There isn’t a single day that goes by that your life isn’t subject to change. Your life does change every day, even if it just means adding more time to your ever-growing list of mundane experiences. Rarely do our lives change drastically within a single day, but it does happen.
What may be more important to realize is this: each day is a blank slate.
The moment we open our eyes and take our first breathe of the new day – our free will is back for keeps.
But it can be hard to remember that sometimes we aren’t robots. Not every time we get up on Monday do we need to become mindless drones: take shower, brush teeth, get in car, pick up coffee, go to work, fill out papers, check watch for lunch break, fill out papers, thank God for lunch, fill out papers, fill out papers, get back in car, drive home, make dinner, watch Simpsons, turn on Mets game, go to bed.
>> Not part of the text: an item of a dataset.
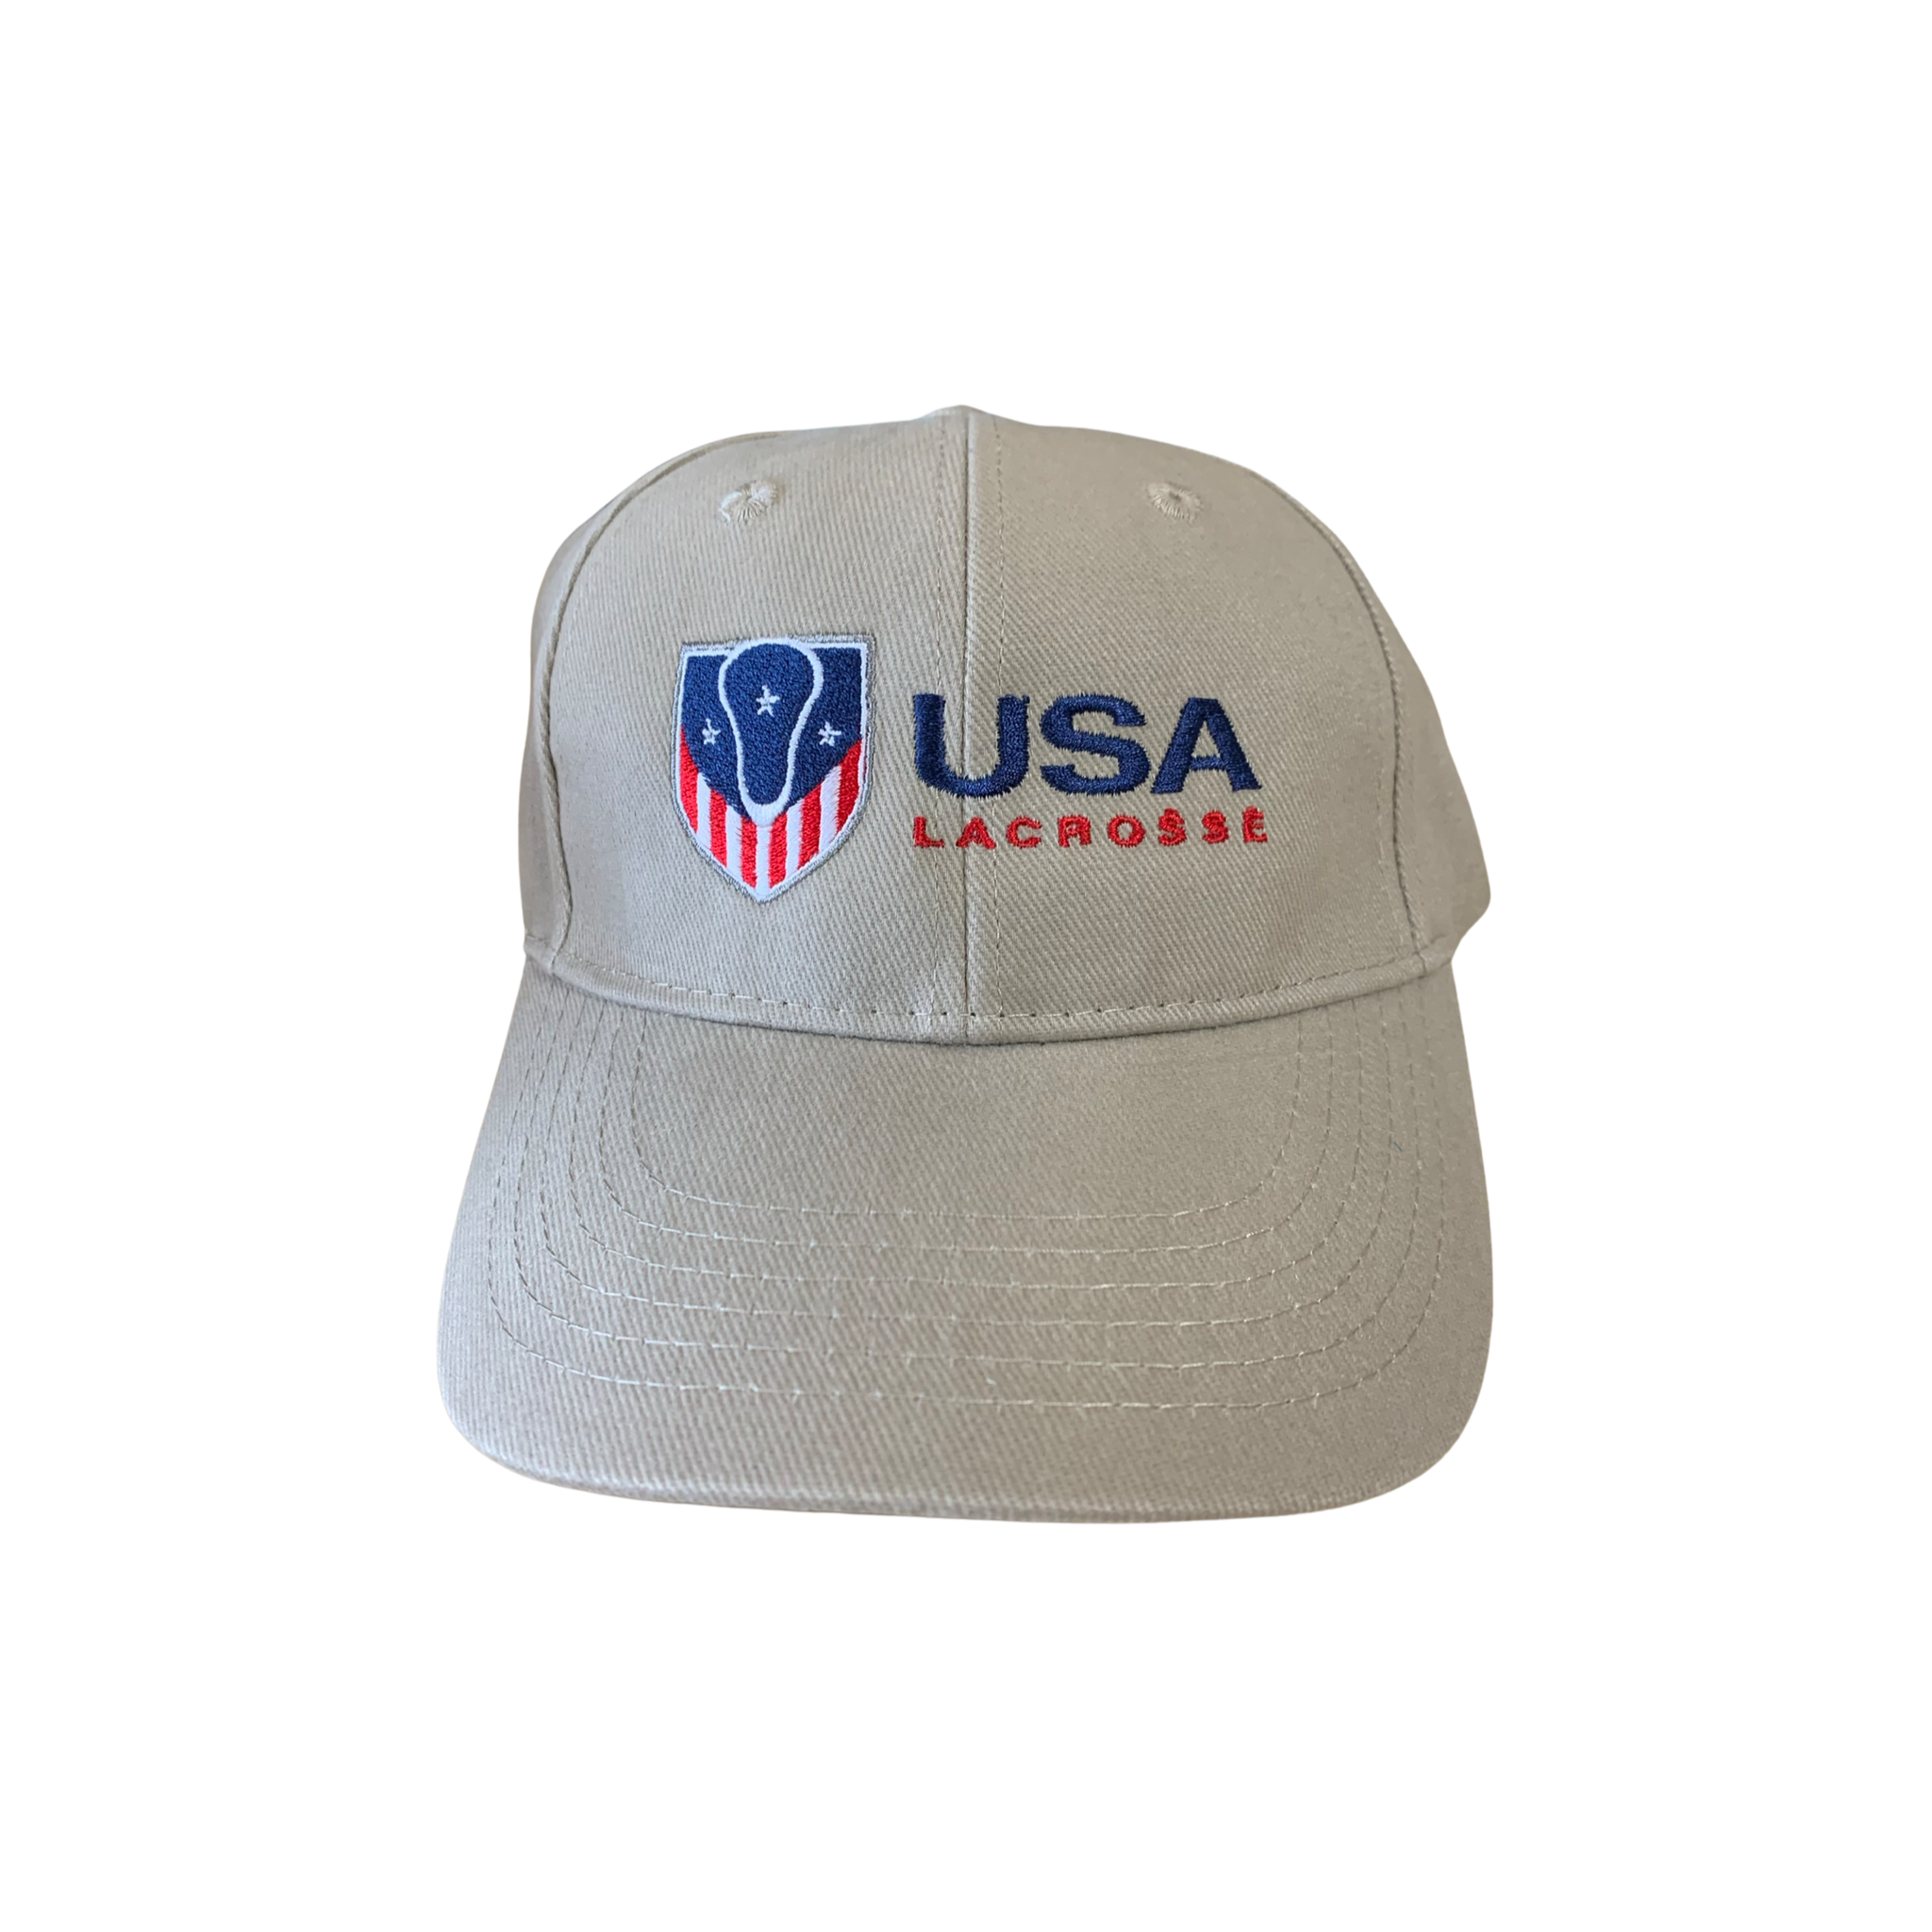 USA Lacrosse Brushed Twill Hat

Rinse and repeat, ad nauseam.
No, life isn’t all routine, but it can sure feel like it. Humans naturally crave familiarity and security, but we also have a natural crave for spontaneity and change. Life is all about finding that elusive balance between the two. To keep life interesting, but not turn it to insanity.
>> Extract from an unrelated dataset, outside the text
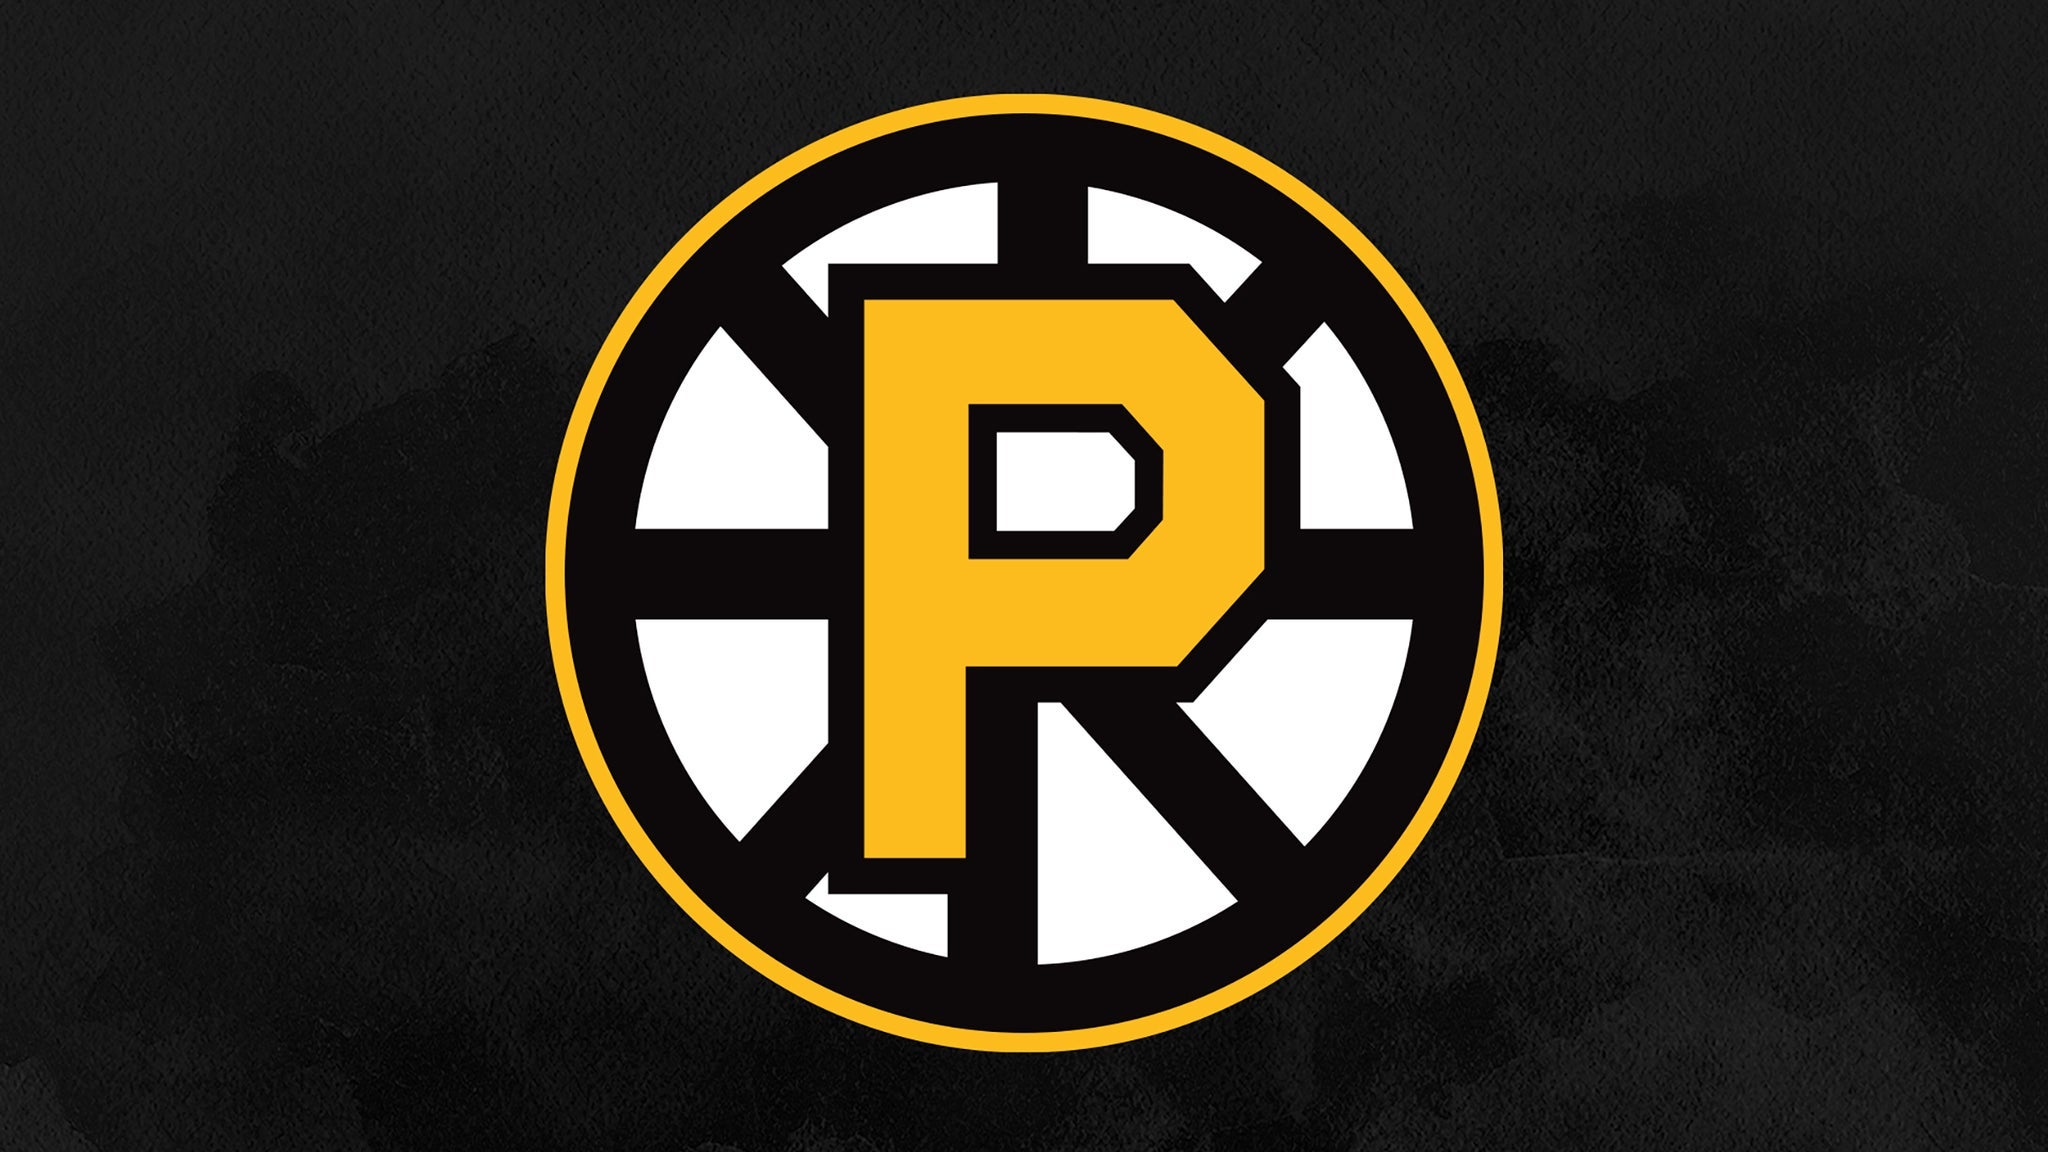 Providence Bruins vs. Bridgeport Islanders - Providence, RI 02903

I believe that one of the most healthy and truly alternative things we can do is nothing.
How much could one learn about their self if they just spent a day depriving themselves of their routine doings? No more doing – just being. Just existing. Just soaking in the fact that I am this living, conscious, and breathing conglomeration of matter. It’s so bizarre, yet we rarely give the time to embrace the center of our beings.
Just spend a full twenty-four hours doing as close to nothing as possible. I don’t even mean something as little as watching TV. Just sit there. Just lay in the sun. Be the lump on the log.
Doing nothing – like most things that are rewarding – is incredibly difficult.
Beginners will find that doing nothing takes practice. We fear nothing, become averse to it, think negatively about it and choose to believe that anything is always better than nothing.
What if we could become content and satisfied with “nothing?” Then we wouldn’t have to always cling to the always desperate notion of “anything.”
Don’t shower. Don’t eat. Don’t even get out of bed if you don’t have to. Meditate on the self without the need for these “necessary” conditions. You are still you – just a more dirty, maybe more hungry, and less-doing you. But the self is there, and you begin to unravel the core.
The core is consciousness – the only condition necessary for being and experience. It reveals the most basic truths to existence. The ones that can only be observed through the eyes of one’s own mind. There is nothing to fear from doing nothing – it is the foundation of all actions.